Repeat steps 10 & 11 for each additional copy of the linked text box you created. If any of them requires a different link target, simply right click that copy of the text box, select "Edit Link", and update the target.
From the Format menu on the Home ribbon, select "Protect Sheet". Check the box labelled "Protect worksheet and contents of locked cells".

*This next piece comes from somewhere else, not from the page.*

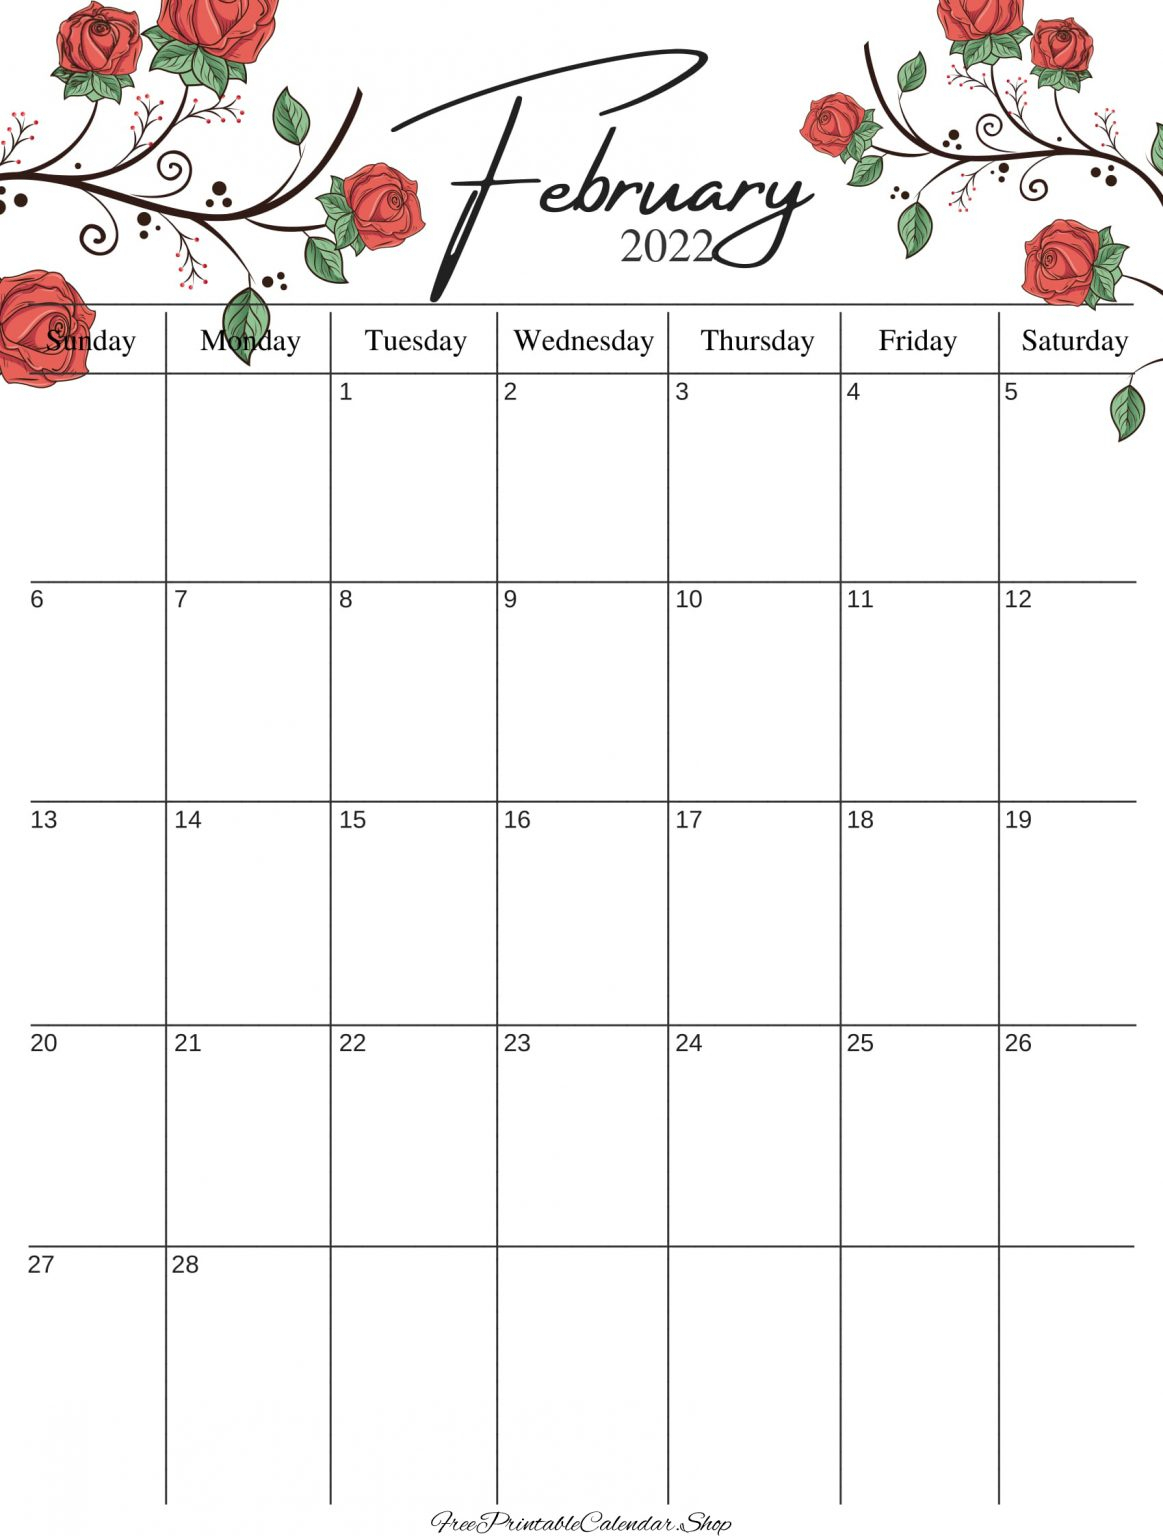 Cute February 2022 Calendar Pdf Jpg Free Shop 2021 Printable Calendars

Check all the other boxes in that dialog also (assuming you are not trying to restrict users in any of those ways) except for the following:
* Format cells
* Format columns
* Format rows
* Edit objects
Leave these four checkboxes unchecked so as to protect your linked text boxes from being selected, deleted, moved, or misaligned with their underlying text. (Note: They should already move with their underlying cells if rows or columns are added, removed or resized, but without this protection they can still be impacted if their own row or column is resized.)
If you want to add a password, do so now. When finished, click OK to apply protection. You can selected "Unprotect Sheet" from the Format menu later to perform any necessary editing, but if the link cell(s), column(s) or row(s) are edited or resized, you may need to reposition the link text box(es) over the underlying text if it moved.
Test your hyperlink(s) and also what happens if you try editing the containing cell(s) or resizing the containing column(s) or row(s) to be sure the worksheet is ready for sharing!